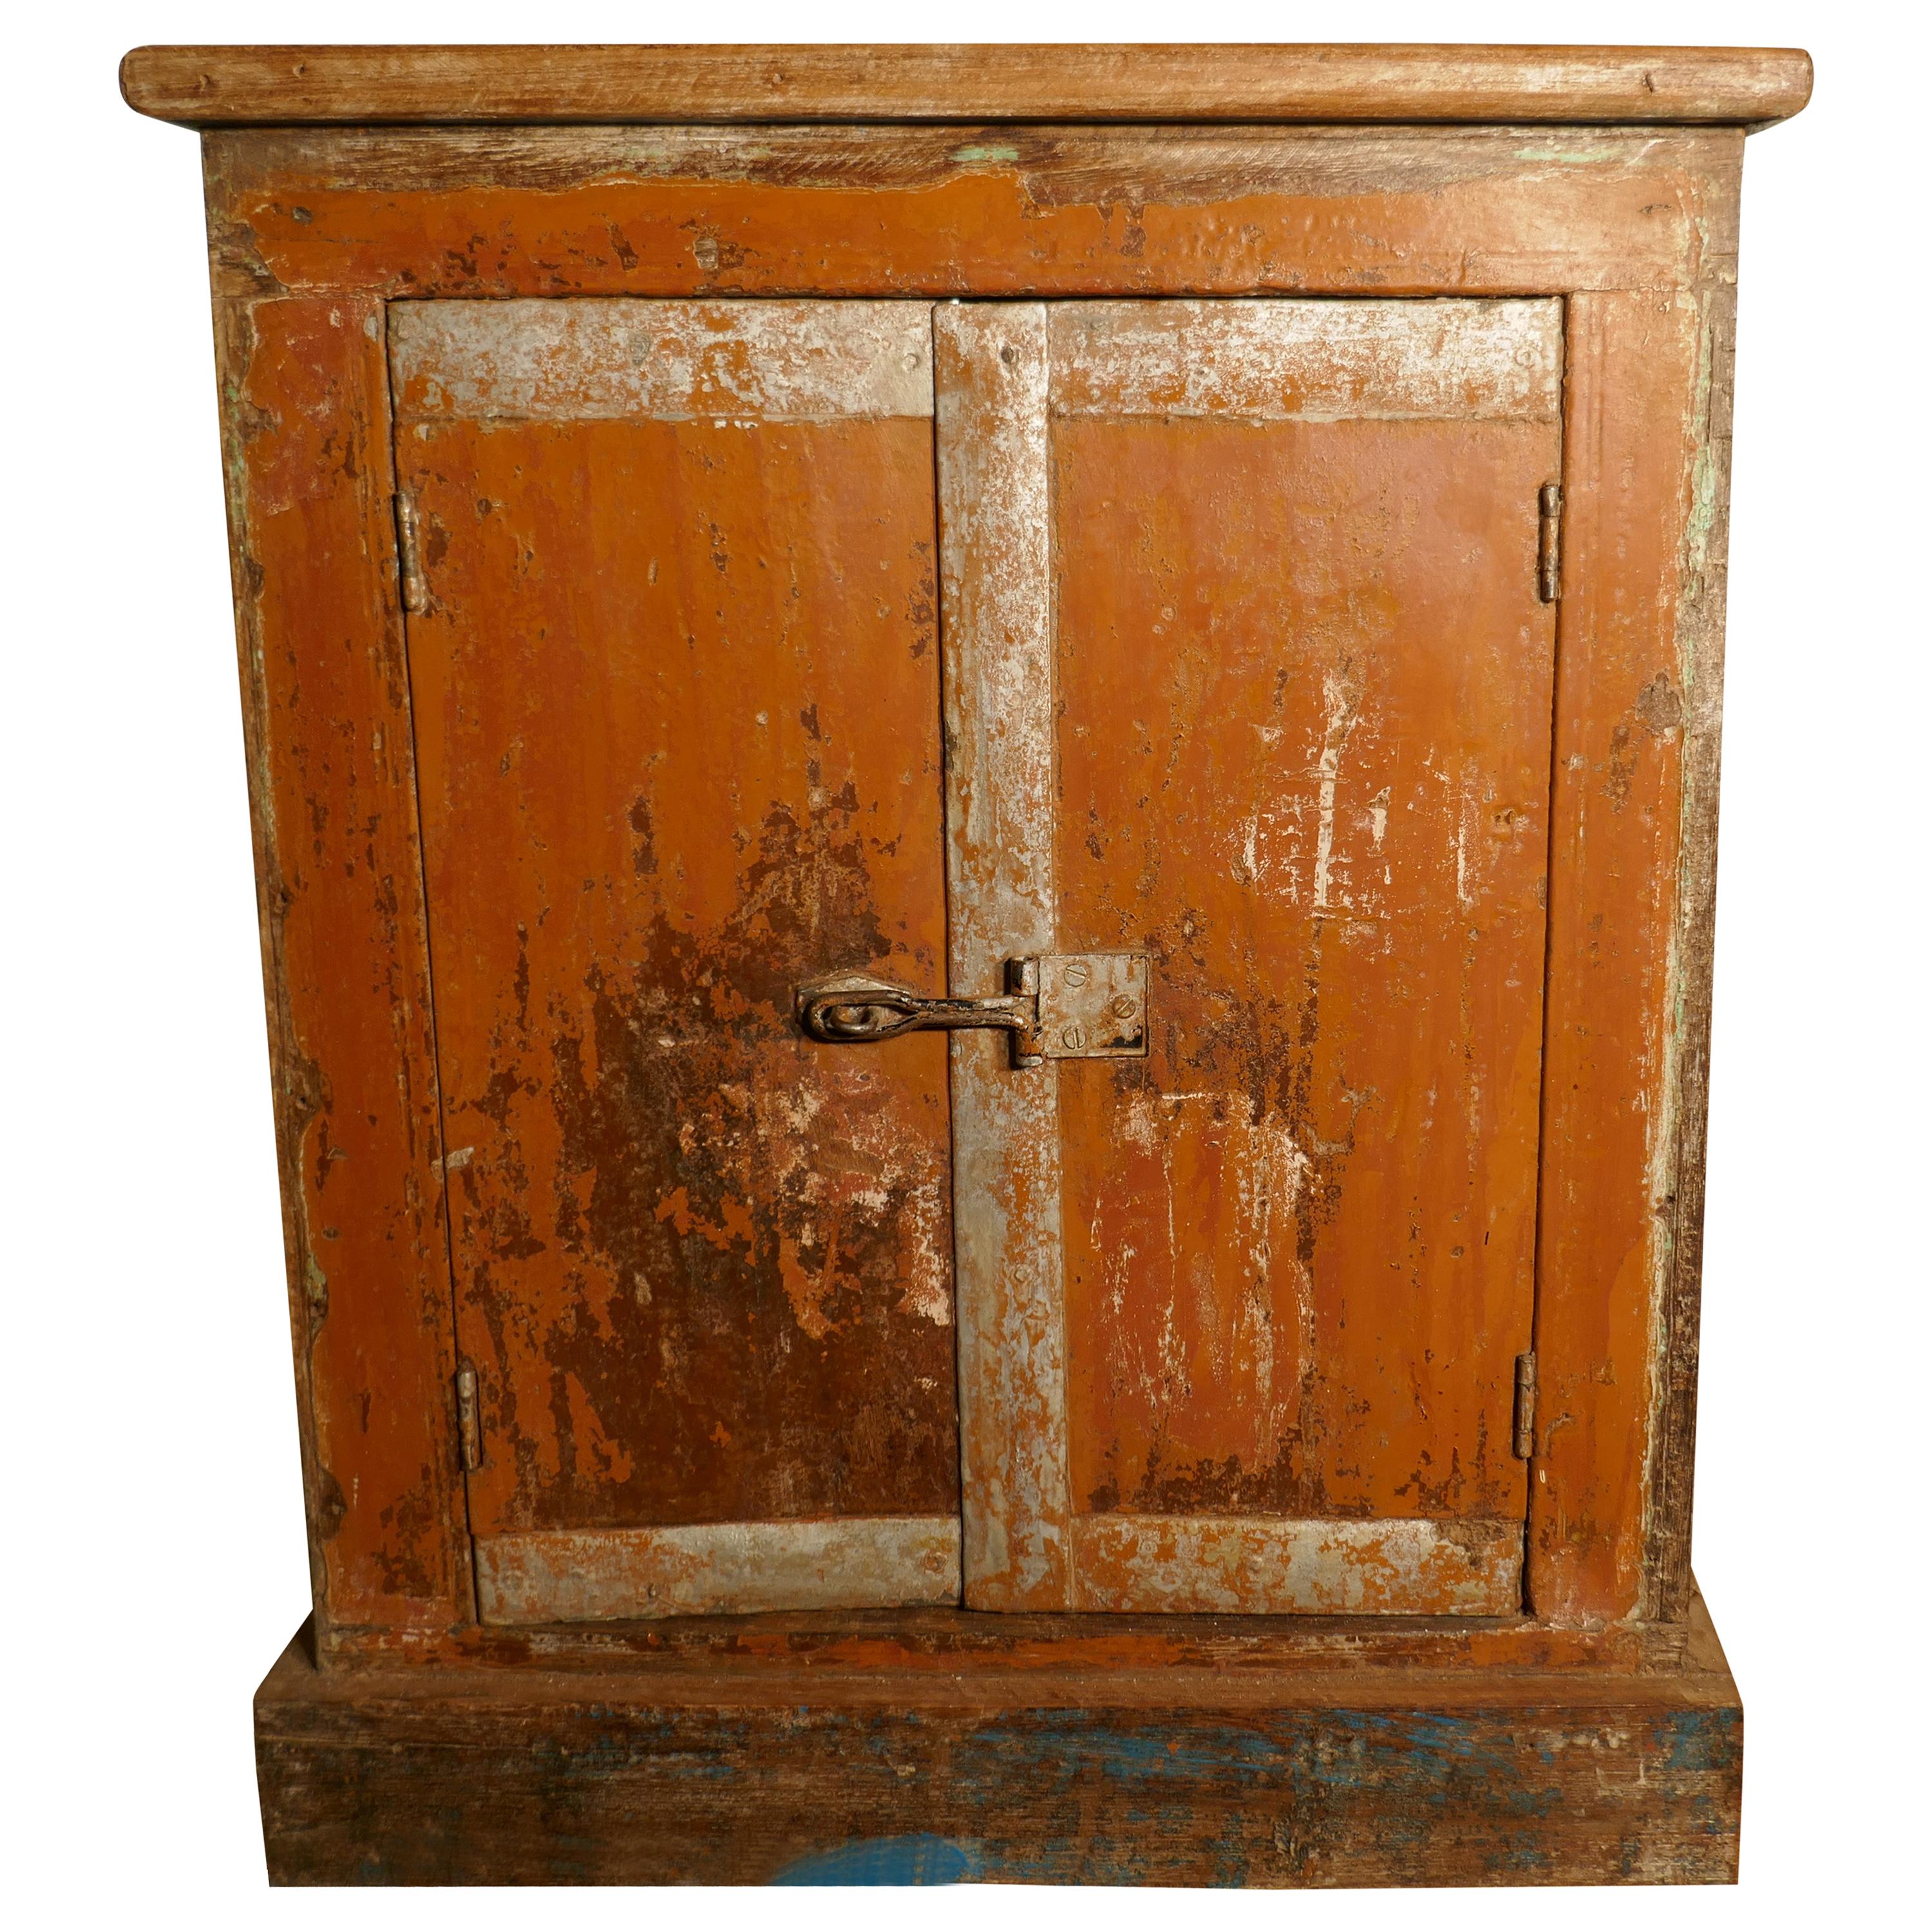 Primitive French Rustic 2-Door Cupboard with Distressed Worn Paint
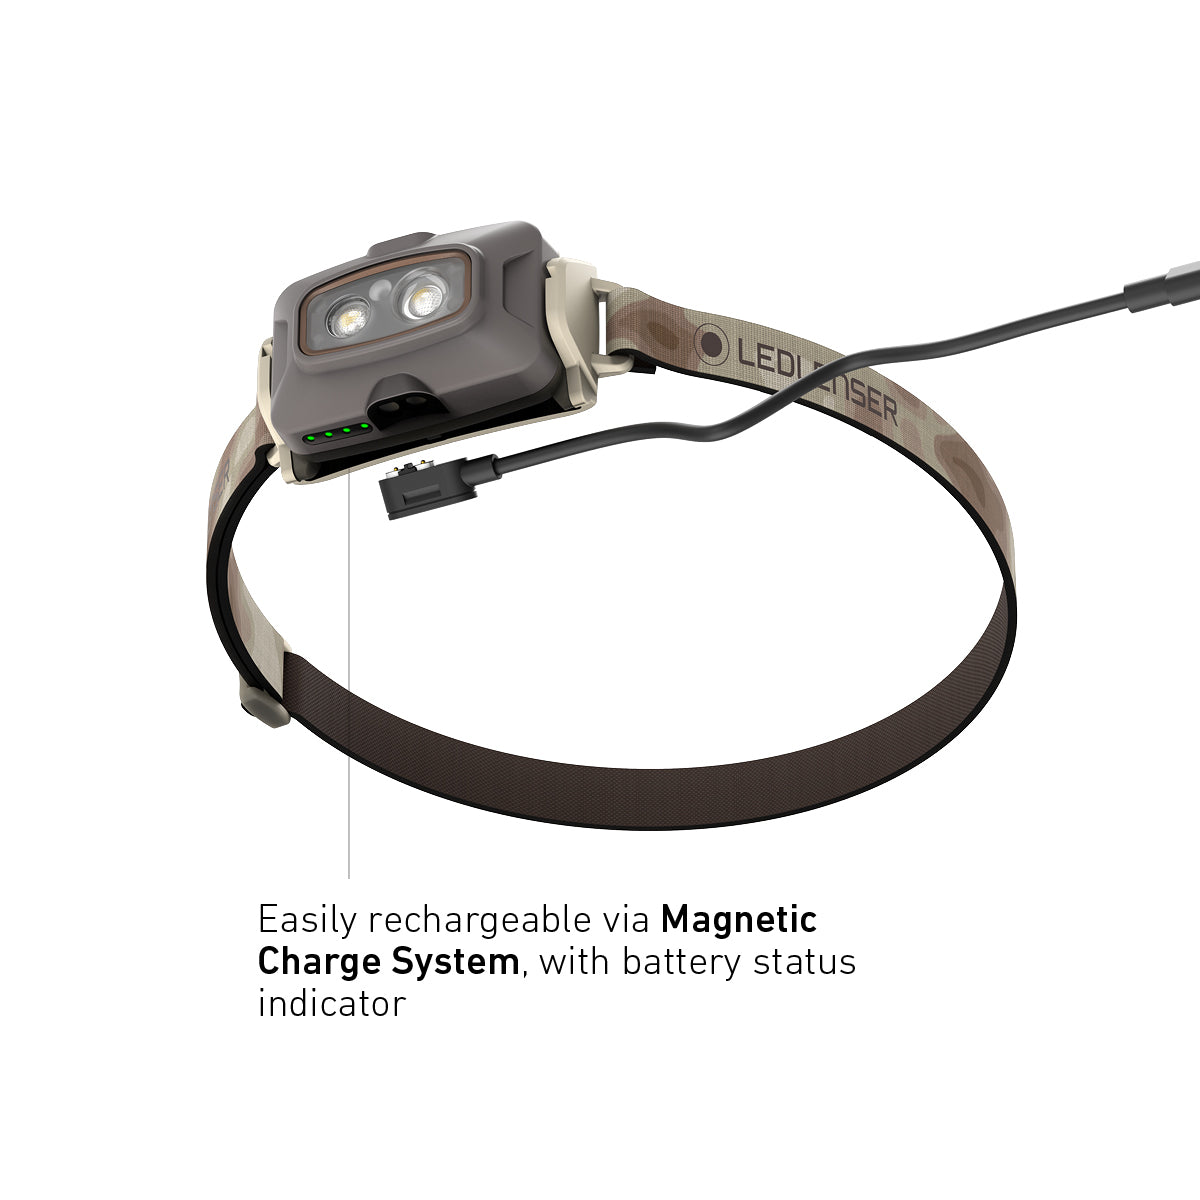 HF4R SIGNATURE Rechargeable Head Torch
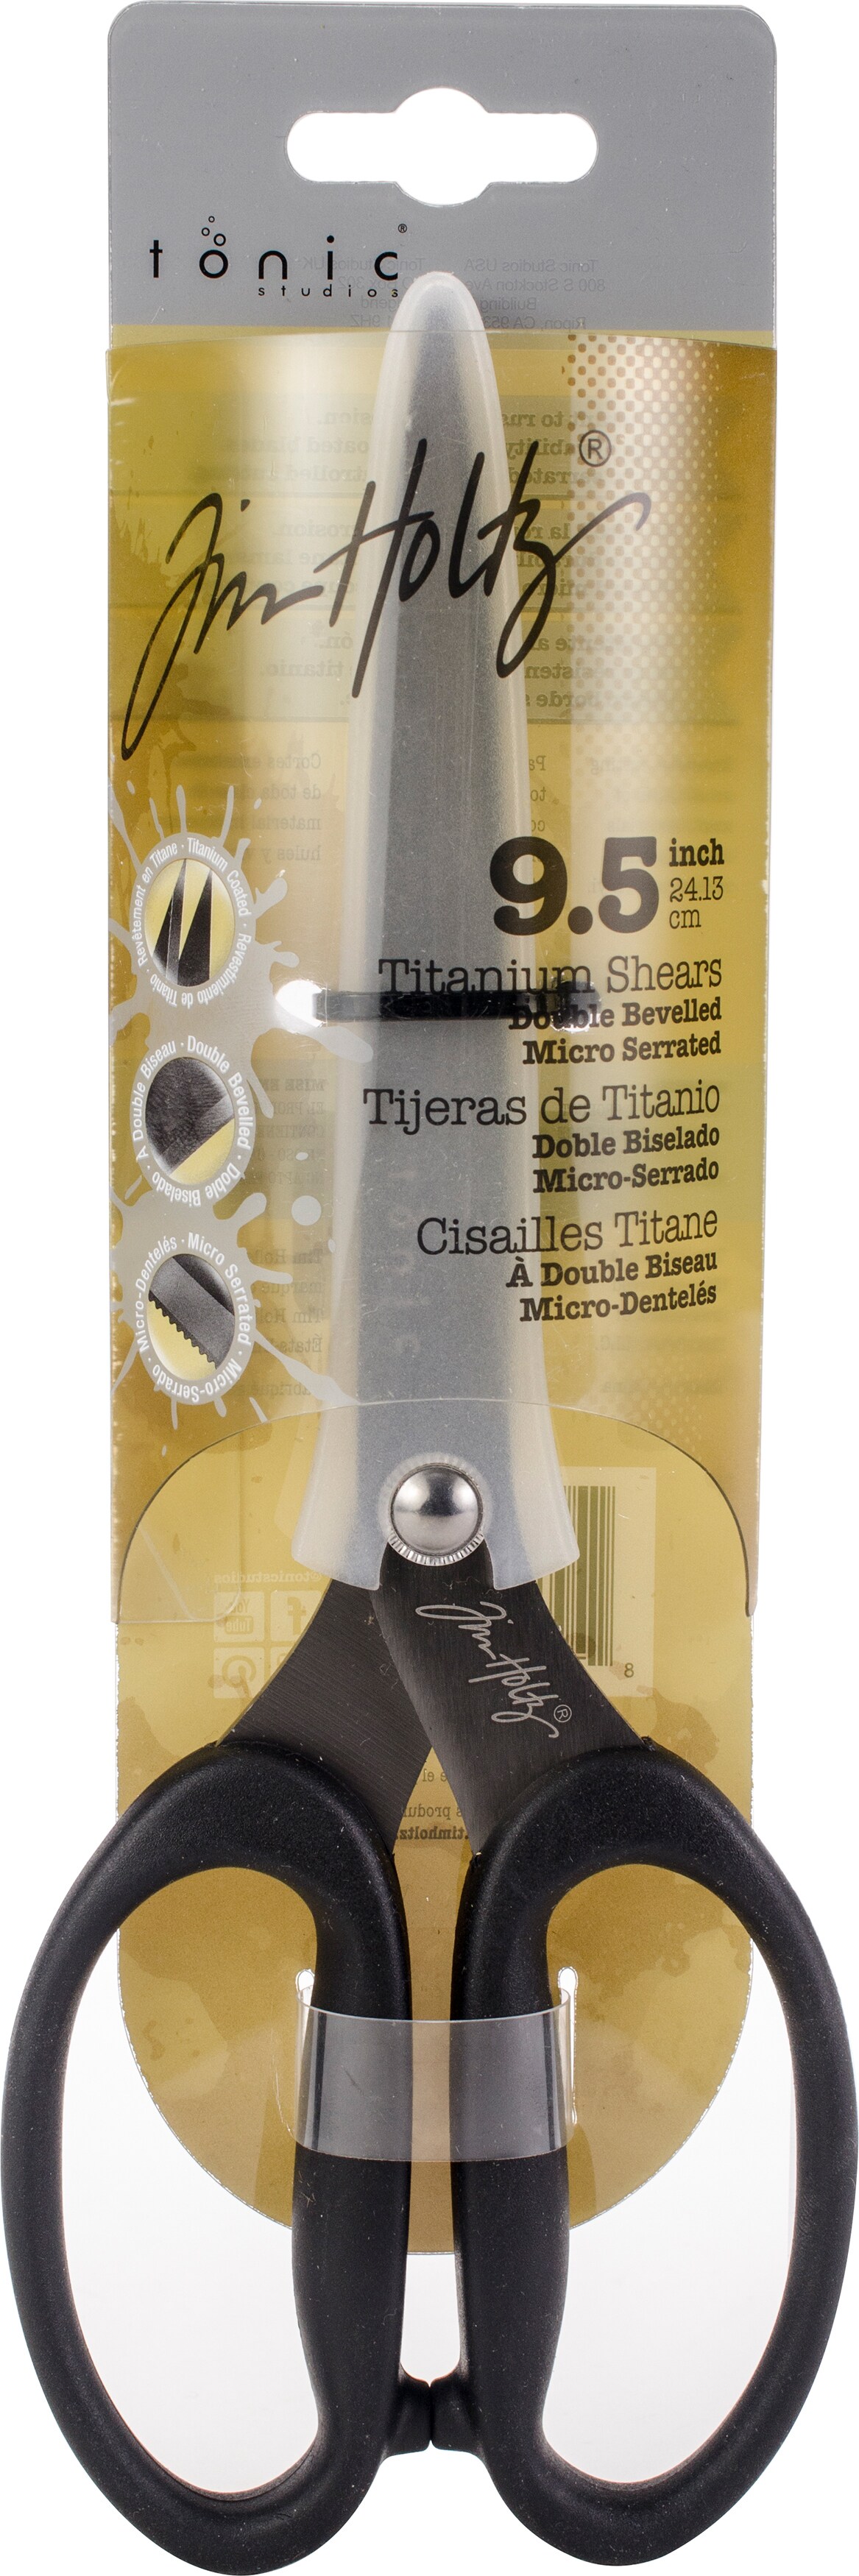 Tim Holtz Scissors All Purpose - 9.5 Inch Titanium Snips with Micro  Serrated Blade Edge - Non Stick Craft Tool for Cutting Paper, Fabric, and  Sewing - Comfort Grip Handles

**********

Print the material above verbatim, no images.

◆ ANSWER TO THIS EXERCISE:
 Primitive French Rustic 2-Door Cupboard with Distressed Worn Paint
 HF4R SIGNATURE Rechargeable Head Torch
 Tim Holtz Scissors All Purpose - 9.5 Inch Titanium Snips with Micro  Serrated Blade Edge - Non Stick Craft Tool for Cutting Paper, Fabric, and  Sewing - Comfort Grip Handles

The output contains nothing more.